-- Opening Marker --

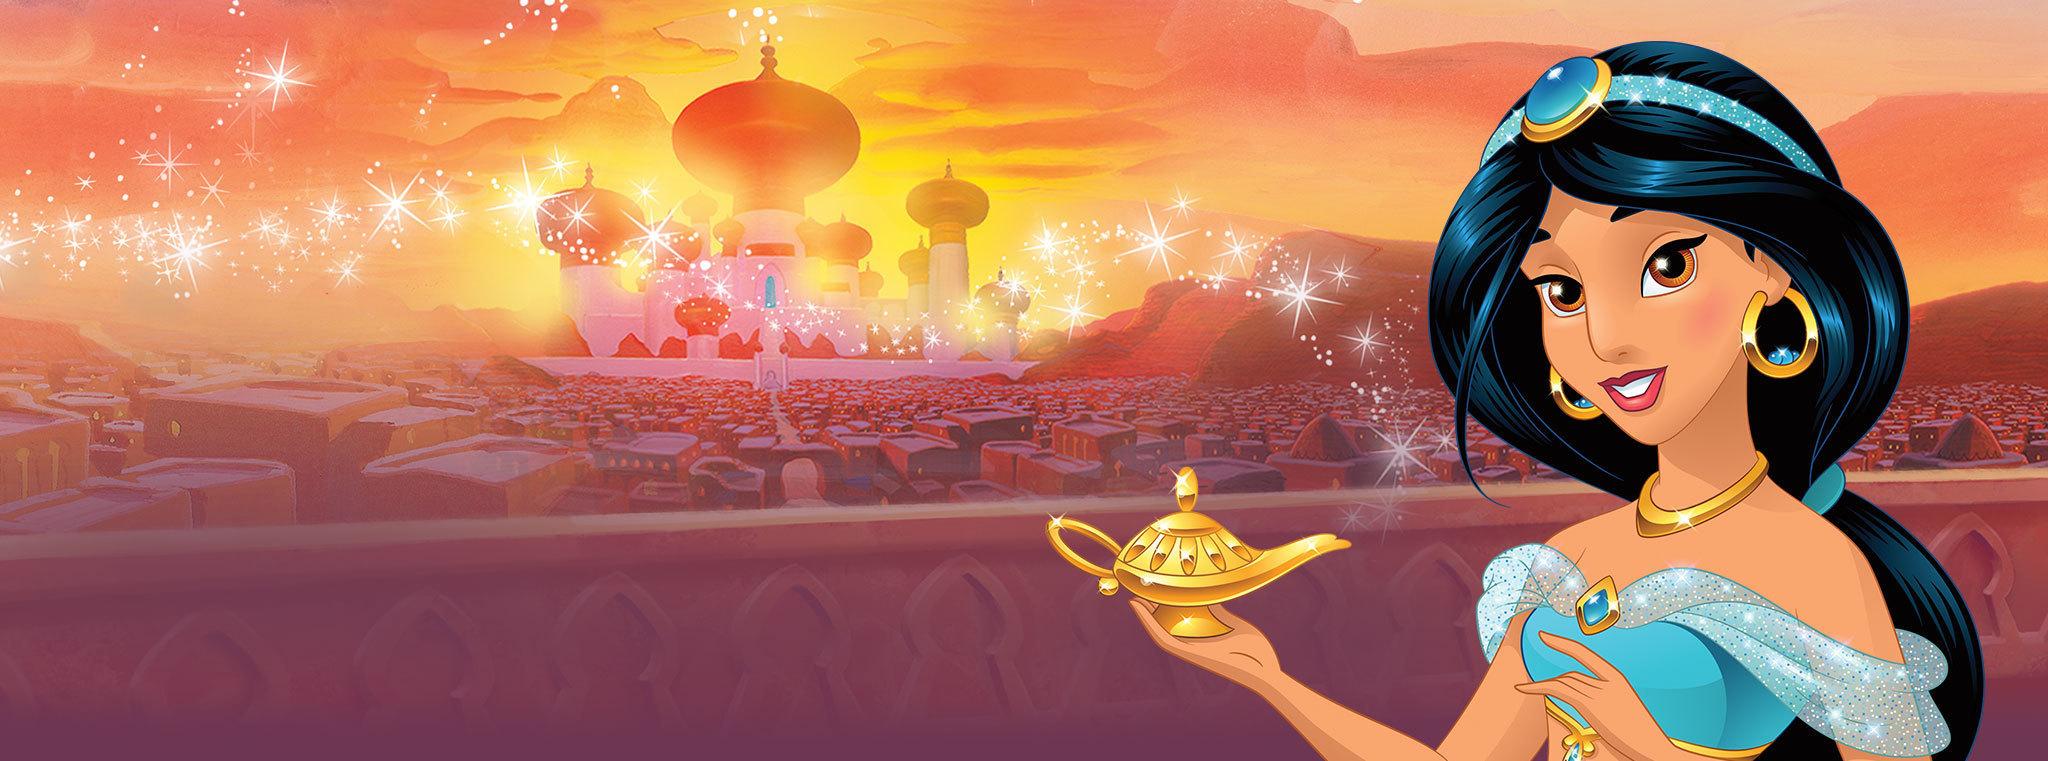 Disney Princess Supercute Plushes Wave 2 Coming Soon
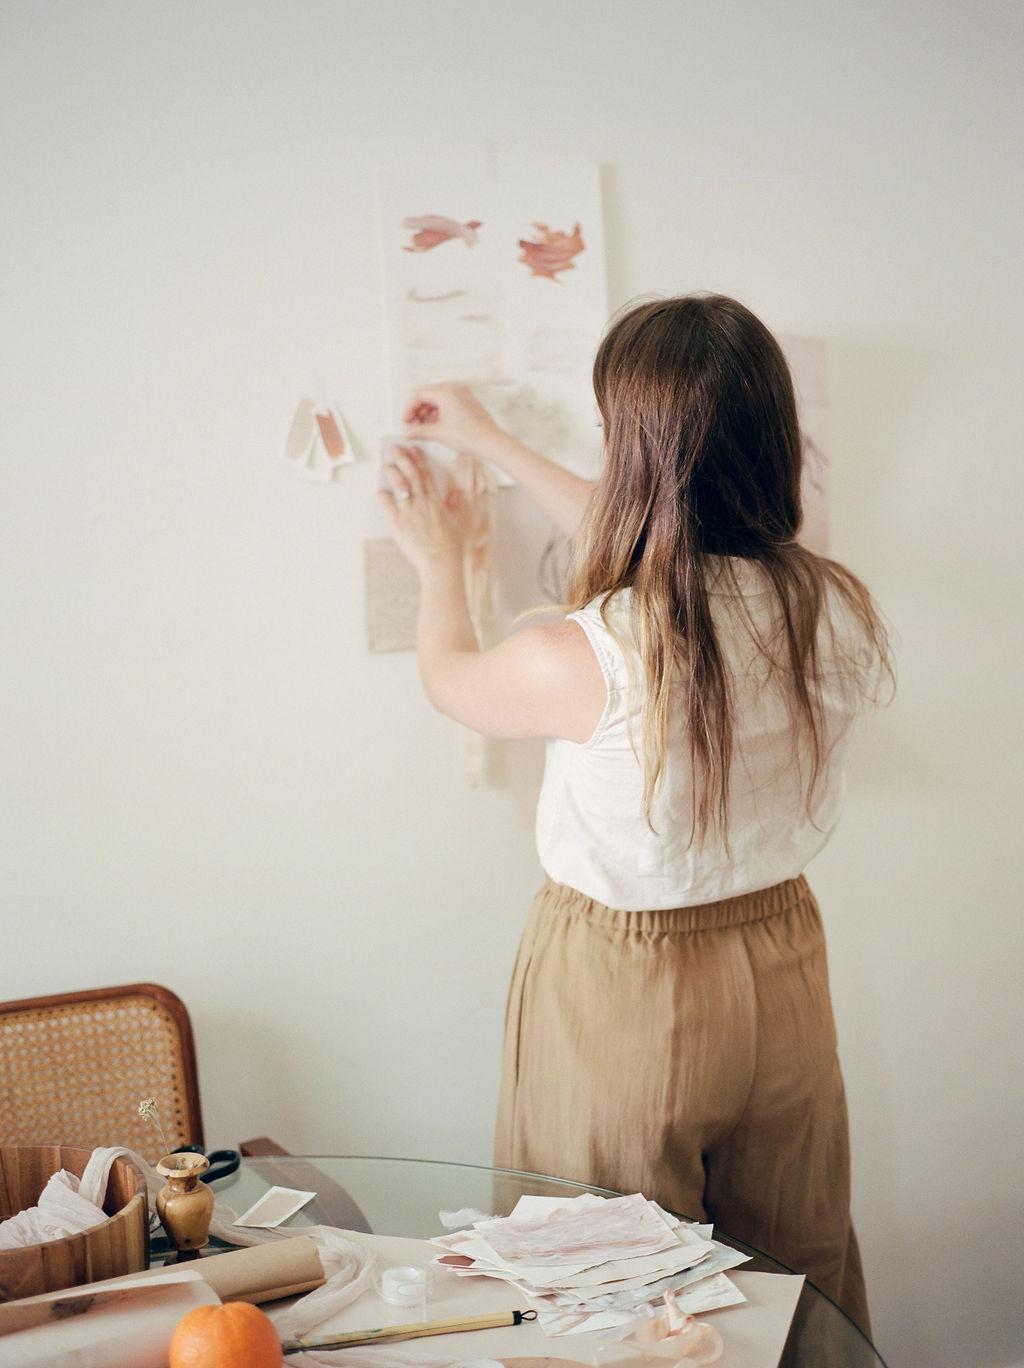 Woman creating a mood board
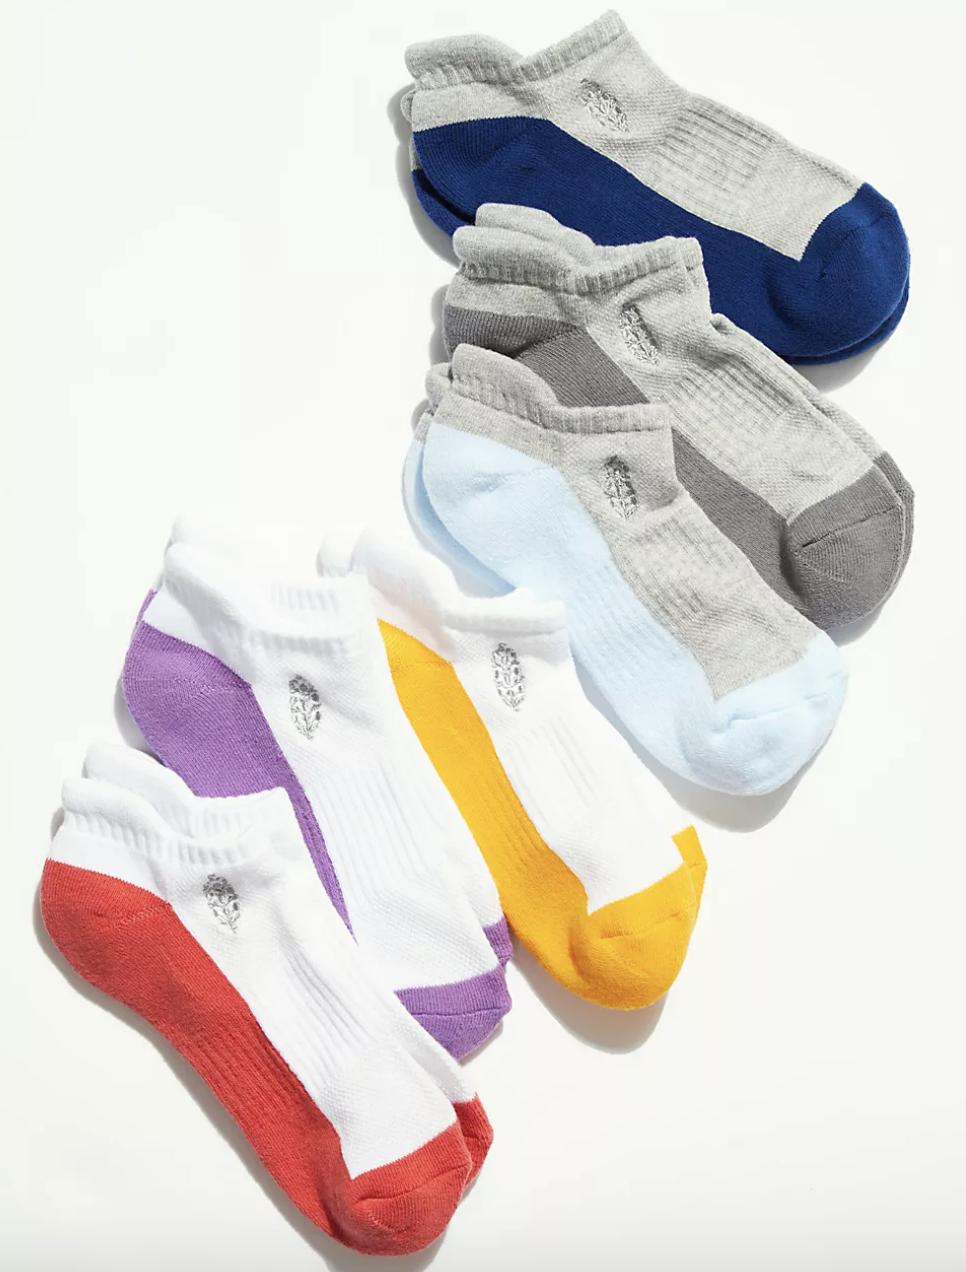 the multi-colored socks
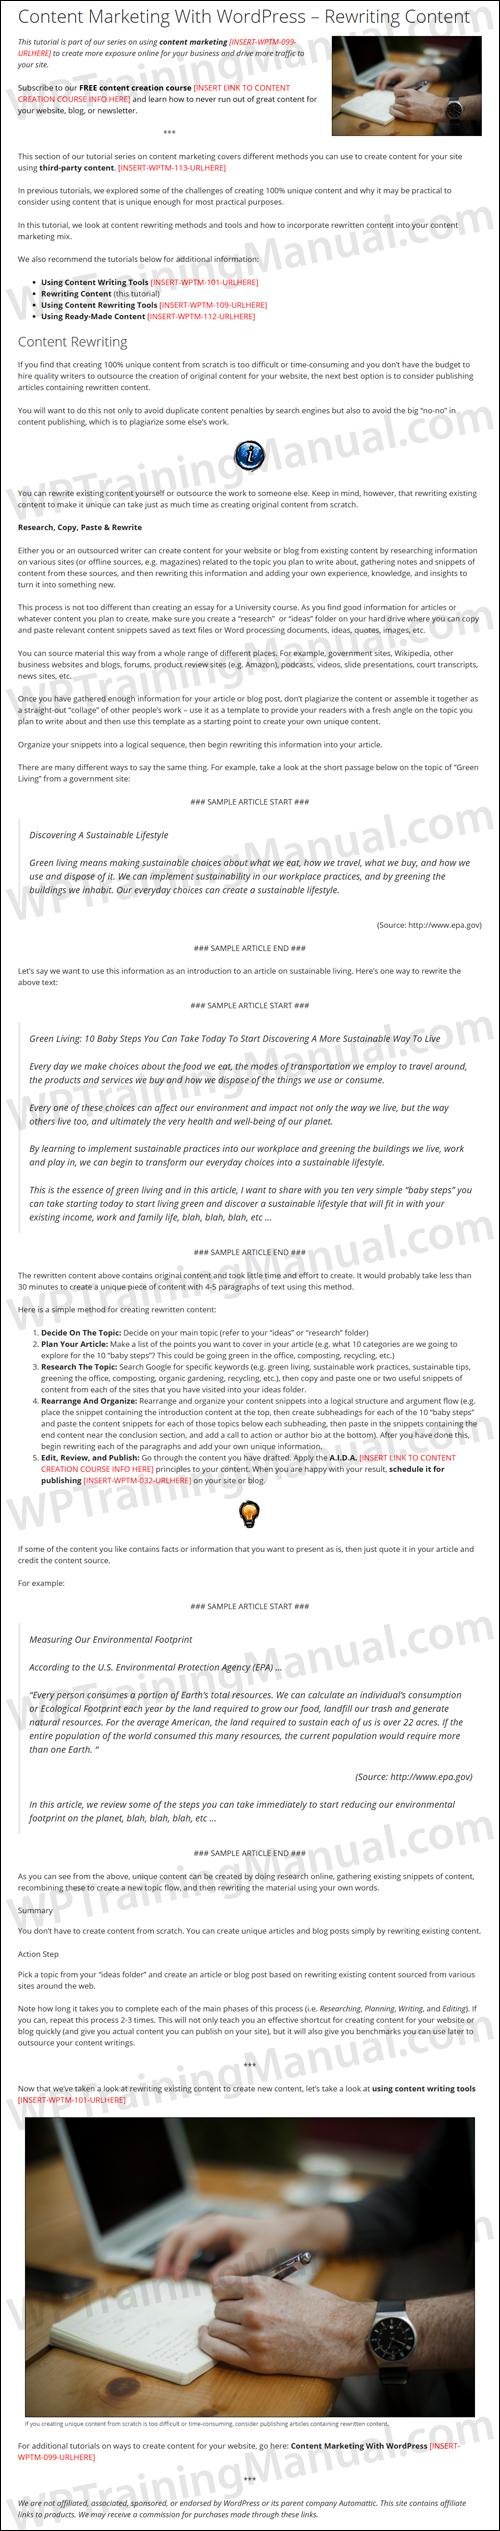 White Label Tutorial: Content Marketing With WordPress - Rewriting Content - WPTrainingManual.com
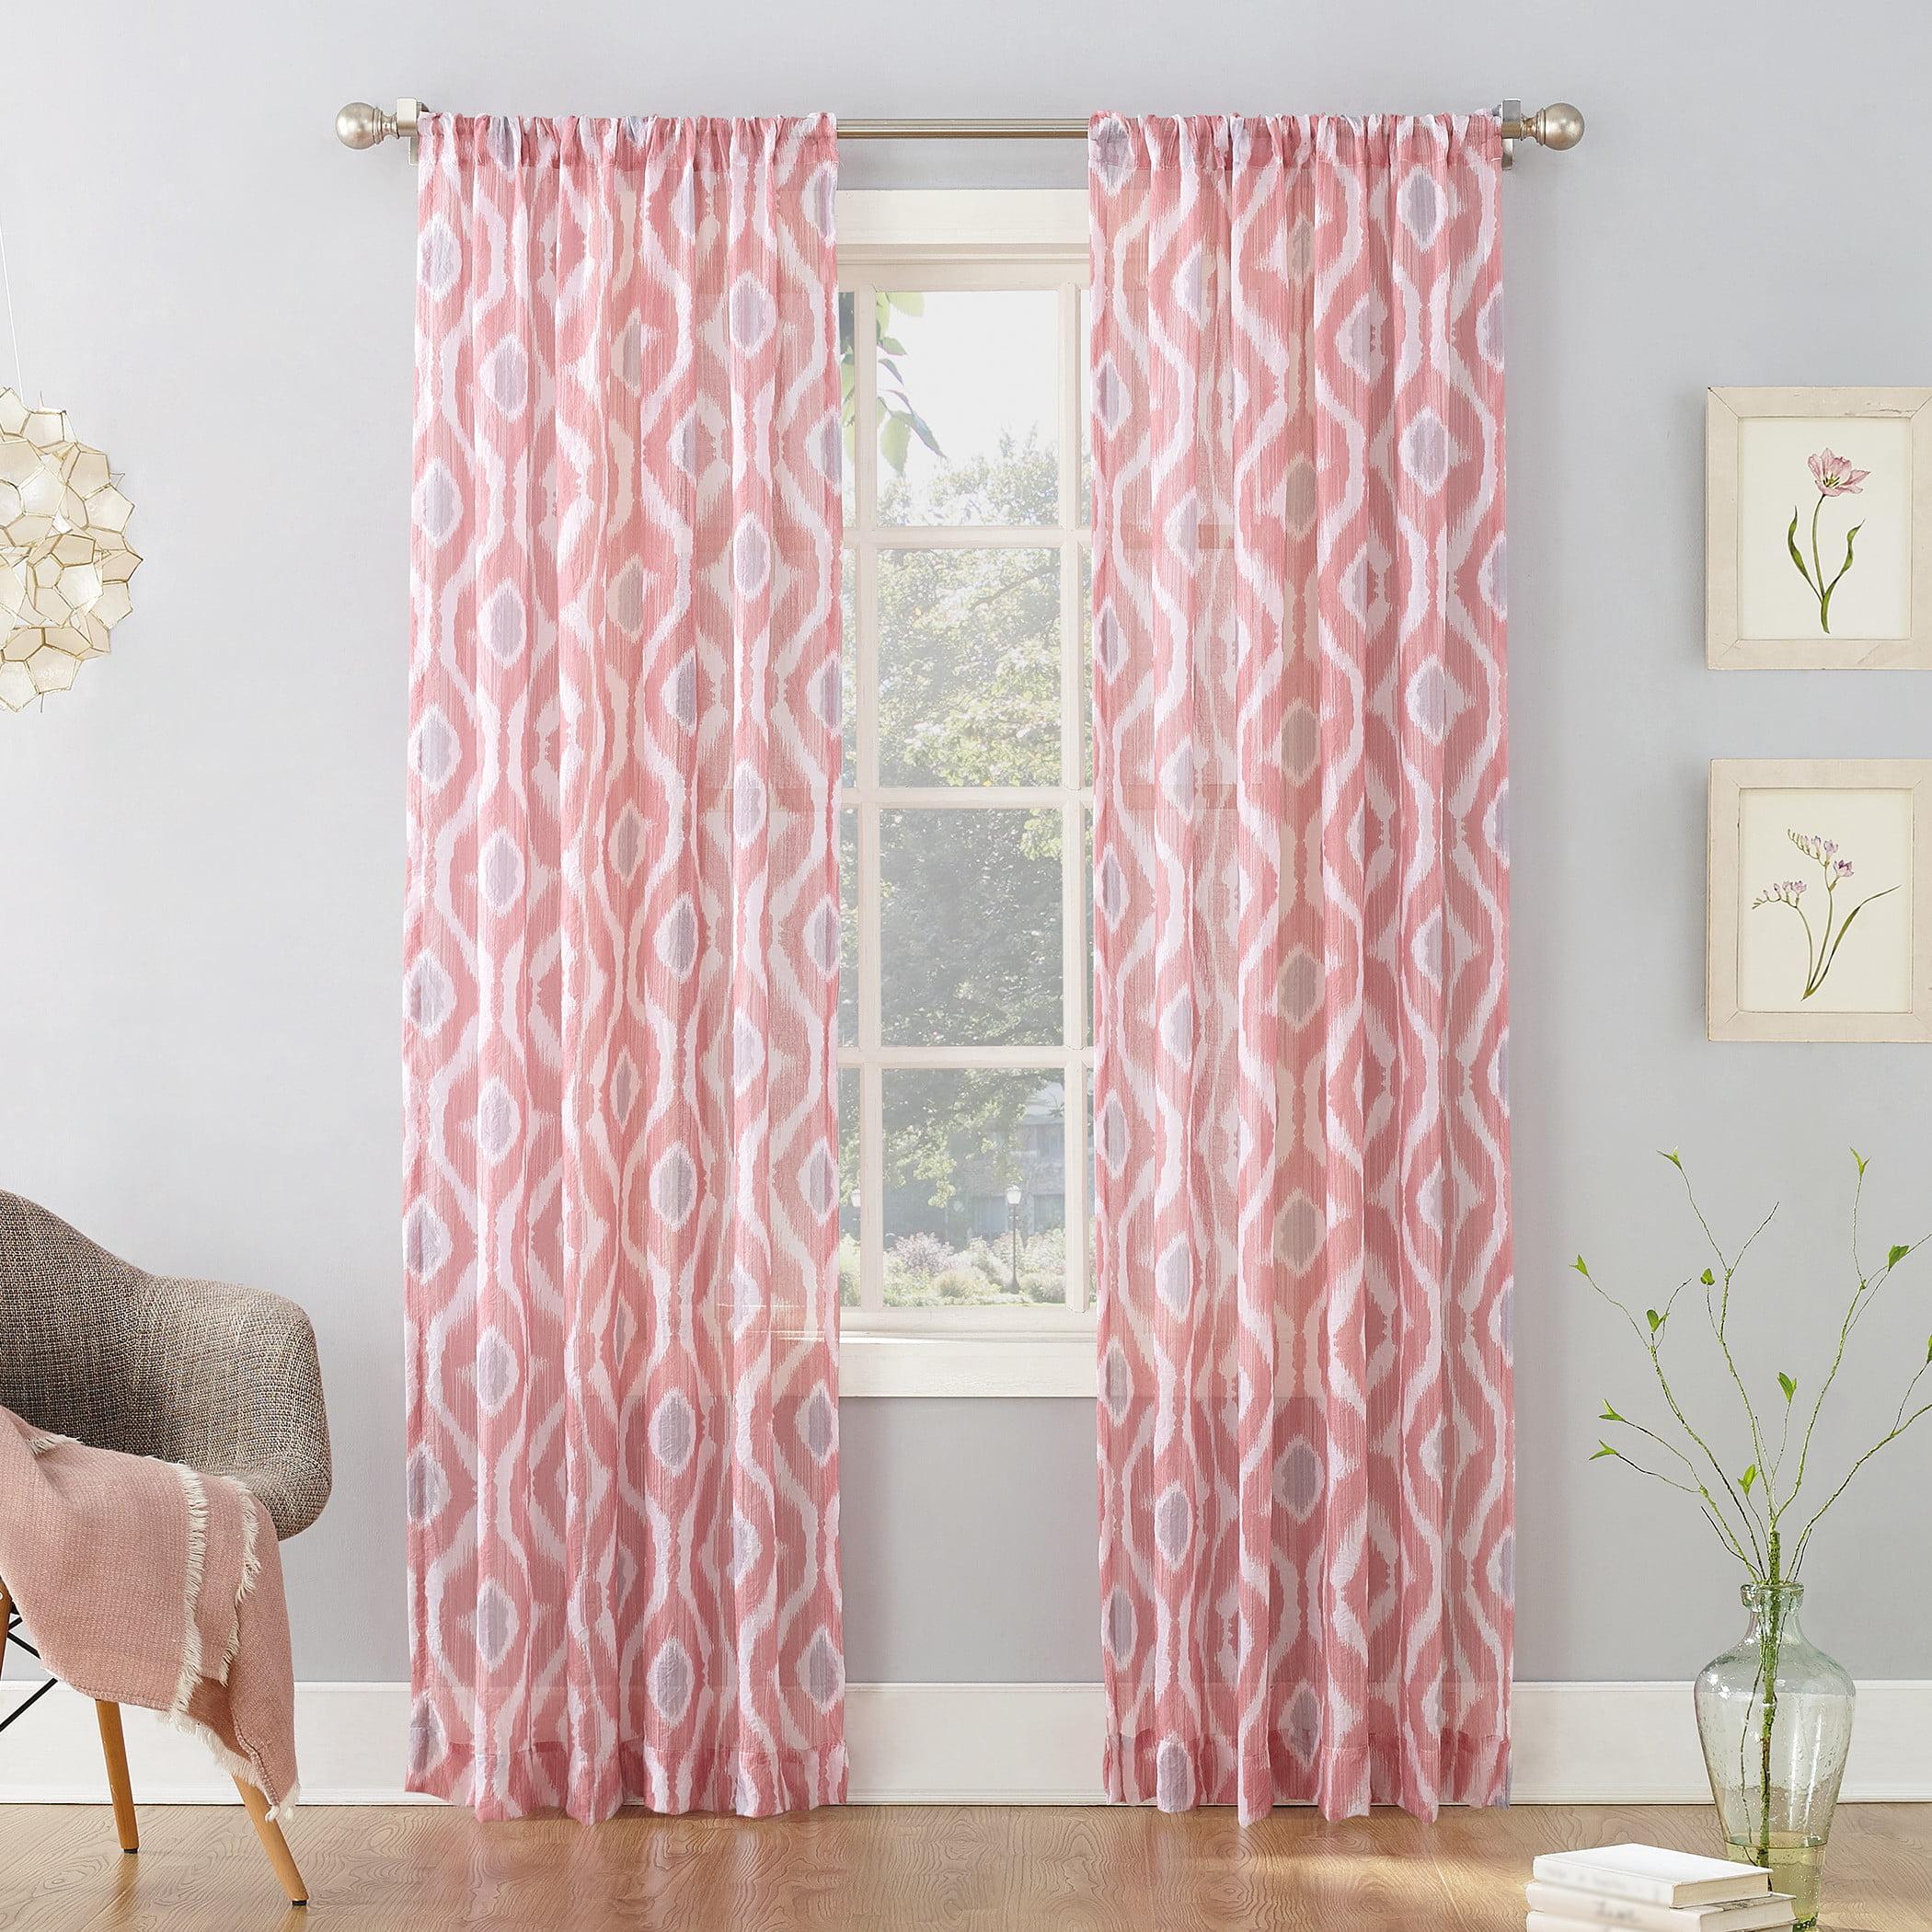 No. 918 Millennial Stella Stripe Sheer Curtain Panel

-- Closing Marker --

> **Problem statement**
Recopy the whole listing above precisely, excluding images.

> **Reply**
 Disney Princess Supercute Plushes Wave 2 Coming Soon
 Woman creating a mood board
 the multi-colored socks
 White Label Tutorial: Content Marketing With WordPress - Rewriting Content - WPTrainingManual.com
 No. 918 Millennial Stella Stripe Sheer Curtain Panel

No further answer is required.